──────── MATERIAL SUPPLIED ────────

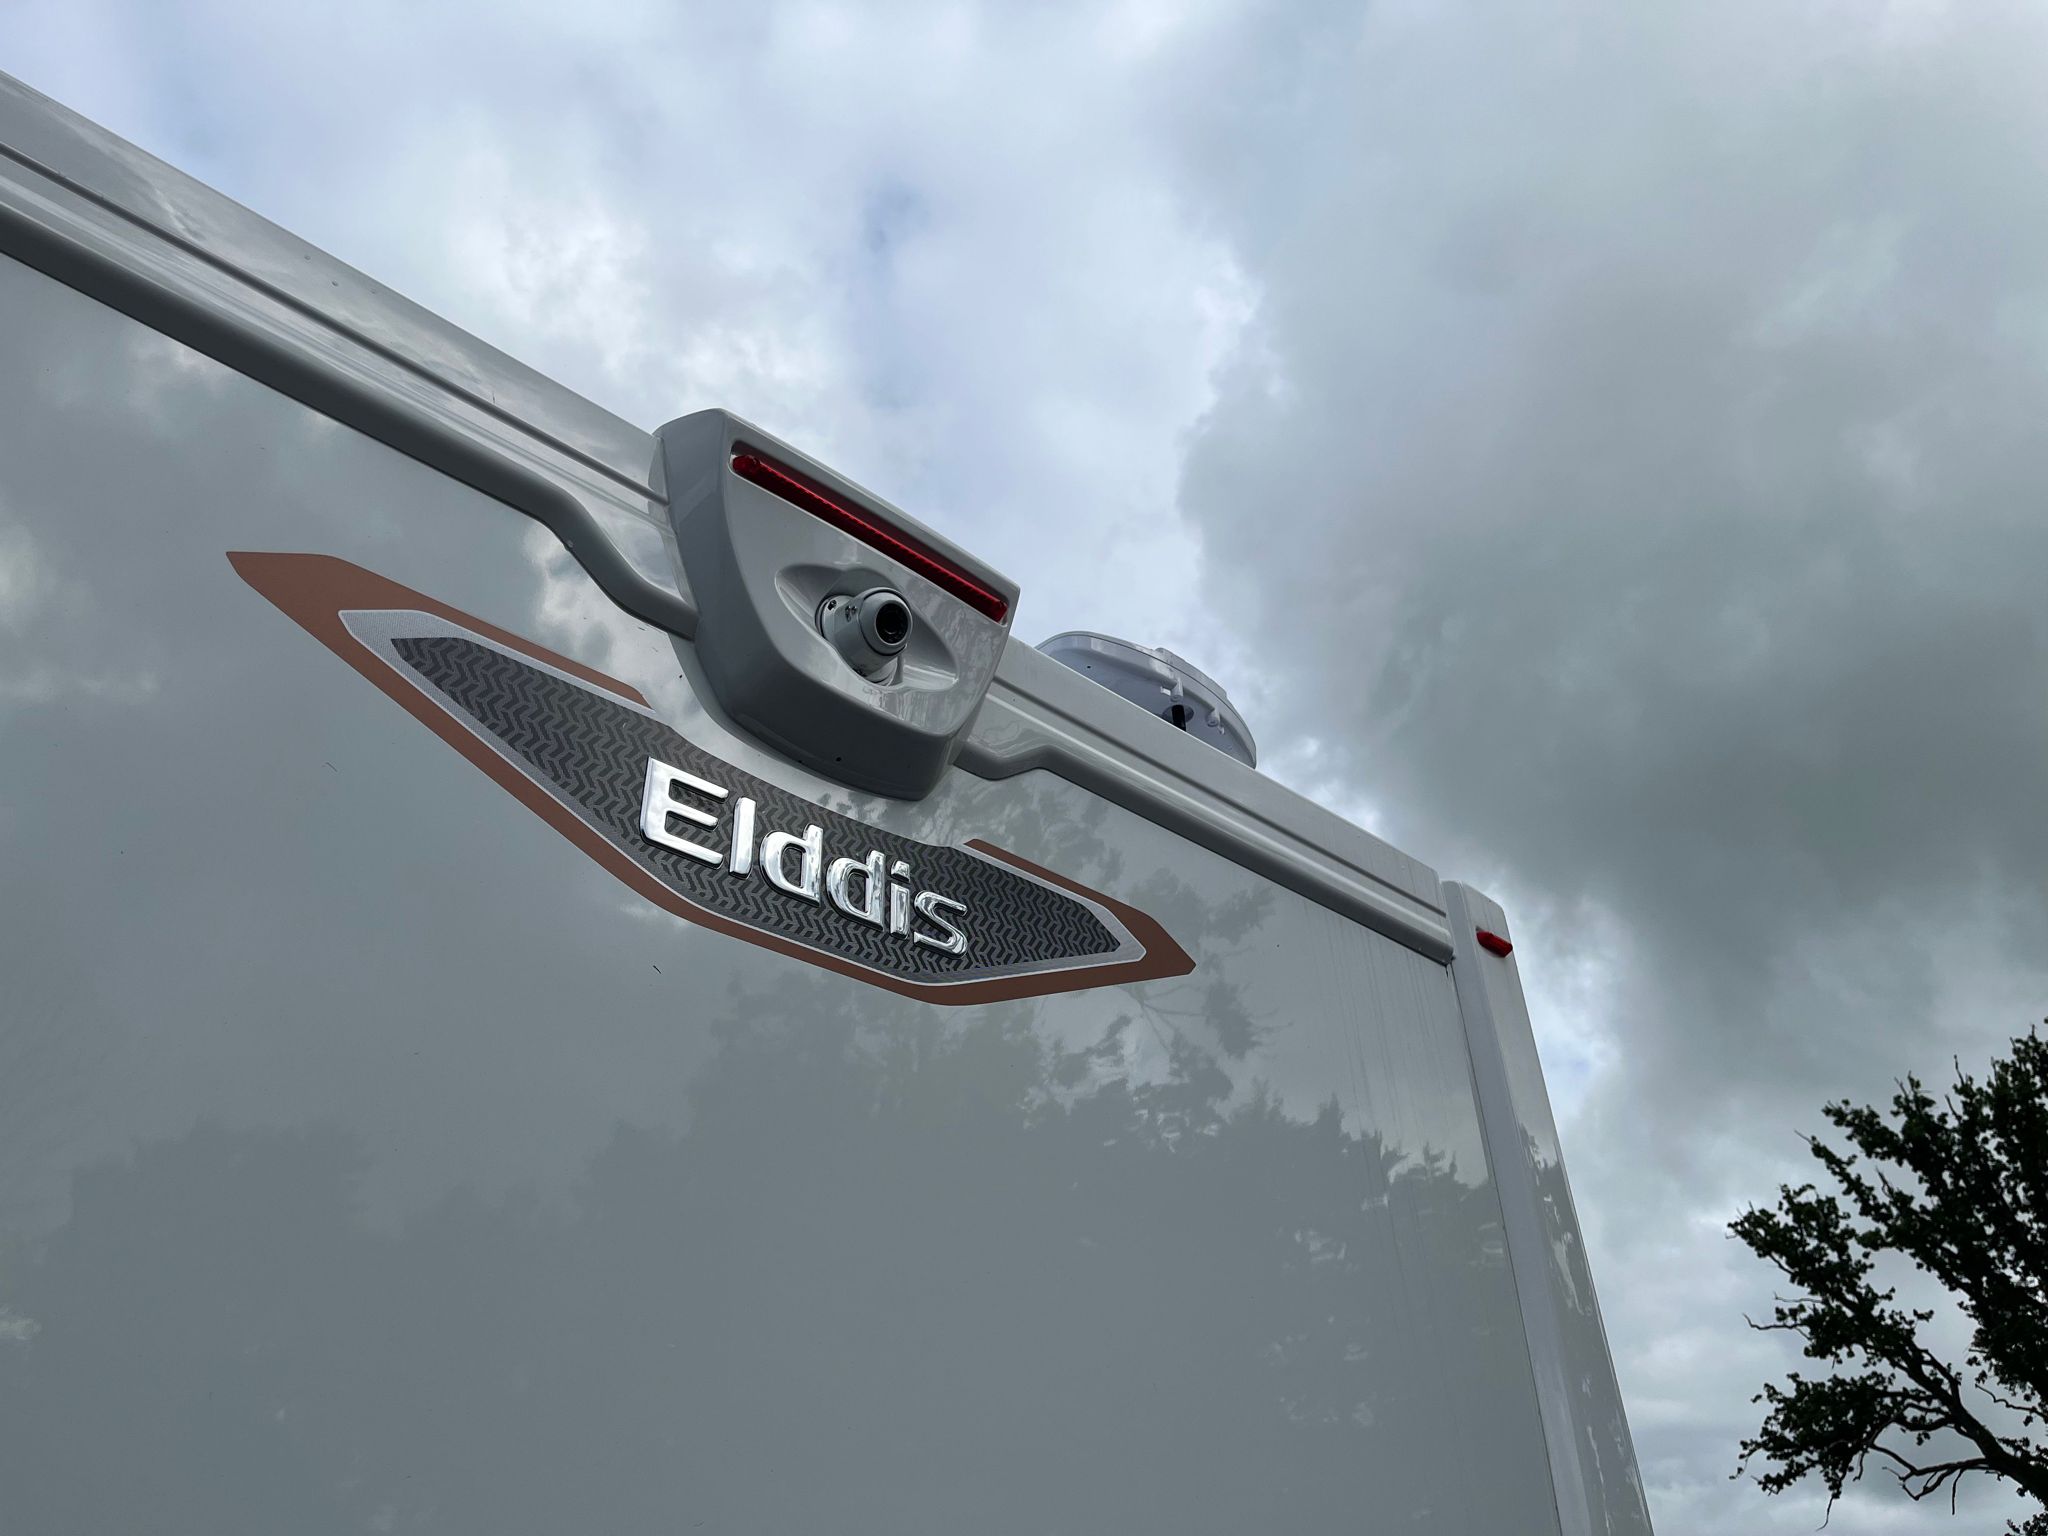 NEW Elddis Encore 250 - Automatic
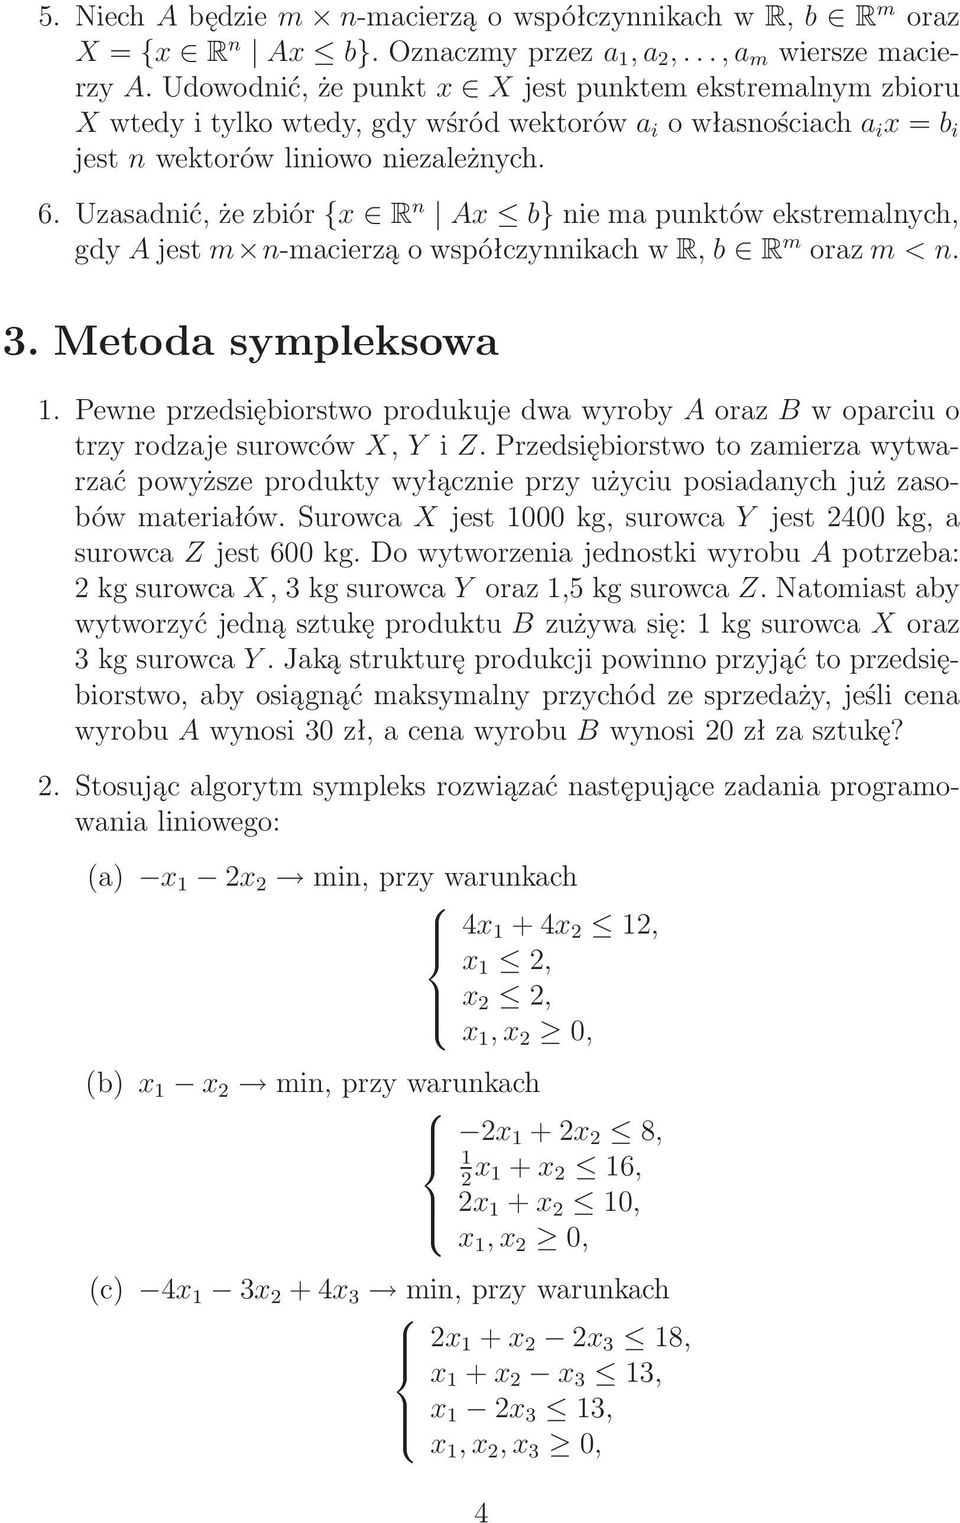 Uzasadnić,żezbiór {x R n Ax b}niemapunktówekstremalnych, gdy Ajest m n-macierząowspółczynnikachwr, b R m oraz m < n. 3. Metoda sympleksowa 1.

────────
──────── MATERIAL SUPPLIED ────────

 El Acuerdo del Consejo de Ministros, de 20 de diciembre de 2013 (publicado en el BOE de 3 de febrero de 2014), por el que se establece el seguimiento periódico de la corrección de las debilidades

────────
──────── MATERIAL SUPPLIED ────────

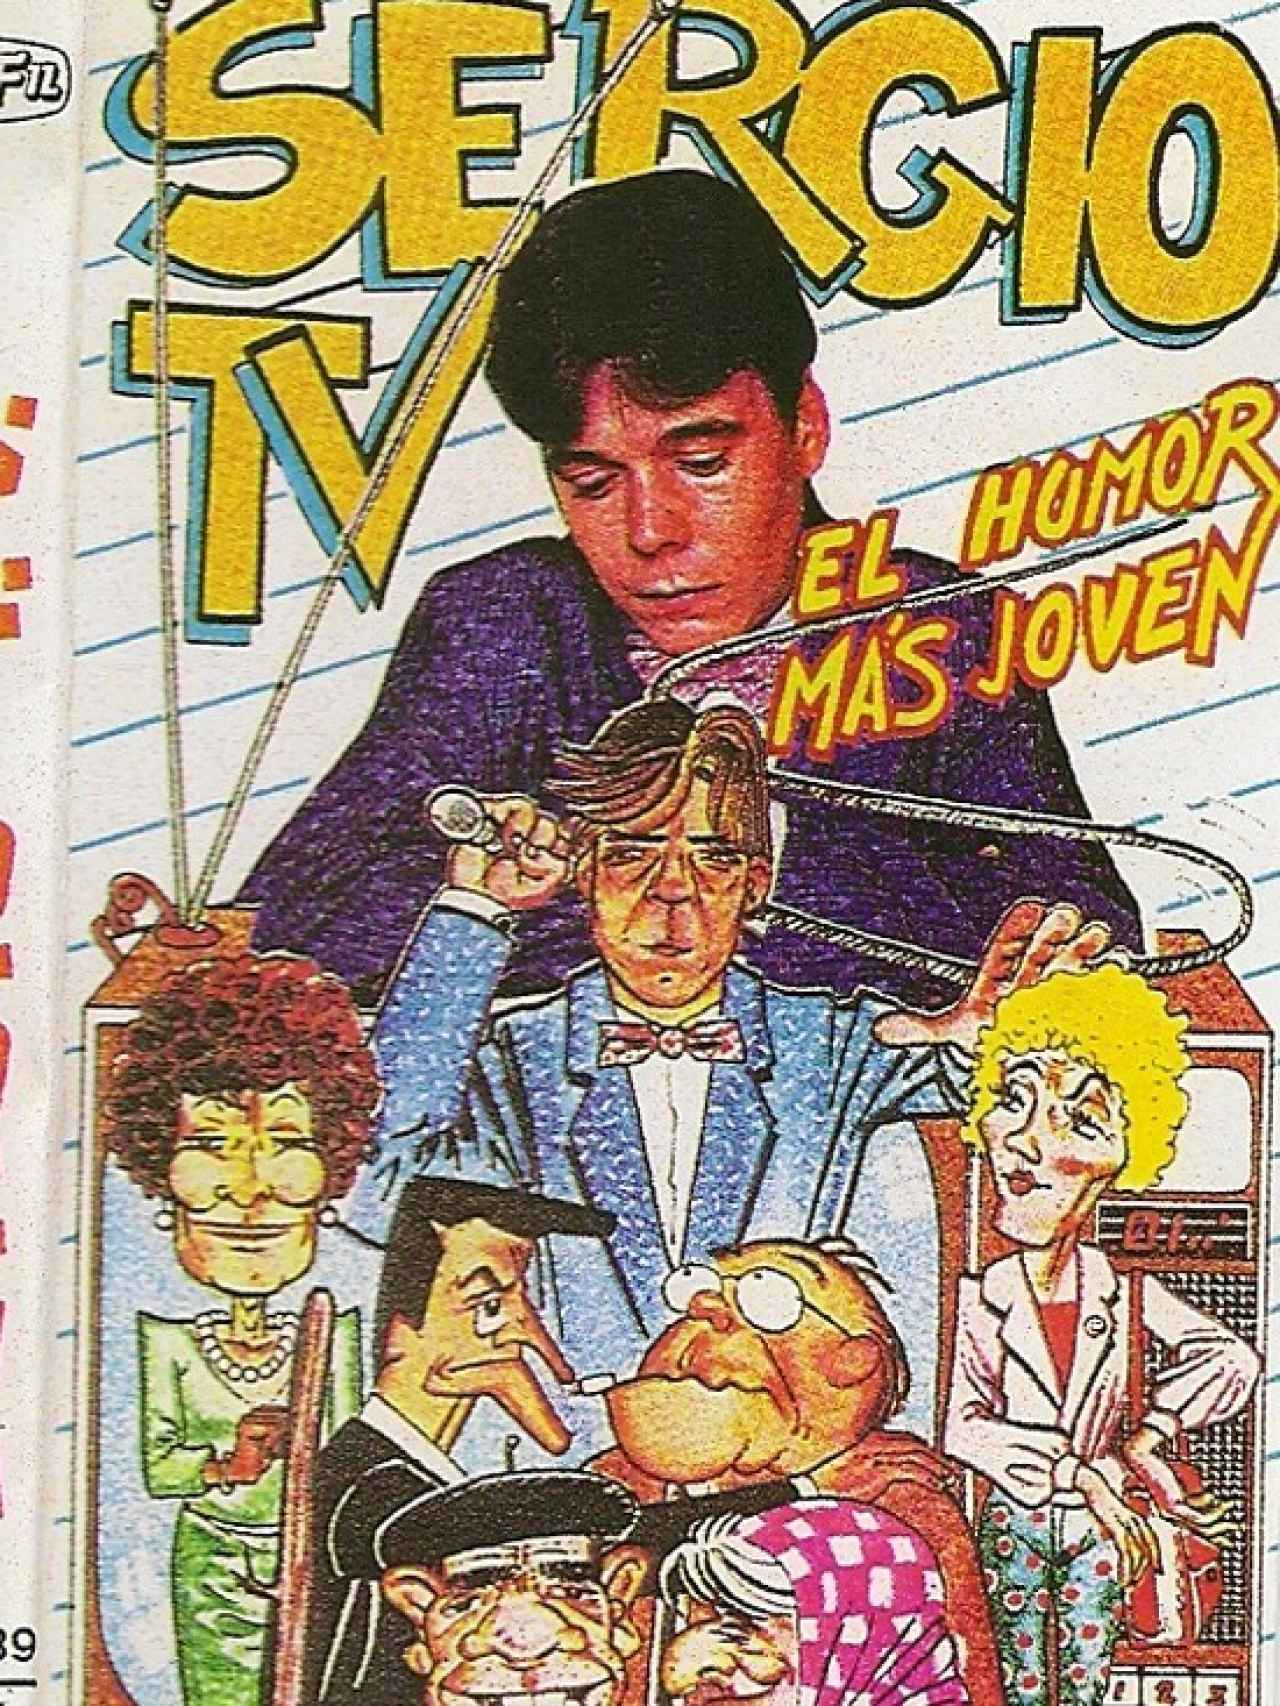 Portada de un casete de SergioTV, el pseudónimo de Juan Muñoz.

────────

Set the pictures aside and reproduce exactly the lines above, from the line holding "NEW Elddis Encore 250 - Automatic" through the line holding "Metoda sympleksowa 1.", both included, with nothing else.

§ **SOLUTION FOR THIS PROBLEM**
 NEW Elddis Encore 250 - Automatic
 Uzasadnić,żezbiór {x R n Ax b}niemapunktówekstremalnych, gdy Ajest m n-macierząowspółczynnikachwr, b R m oraz m < n. 3. Metoda sympleksowa 1.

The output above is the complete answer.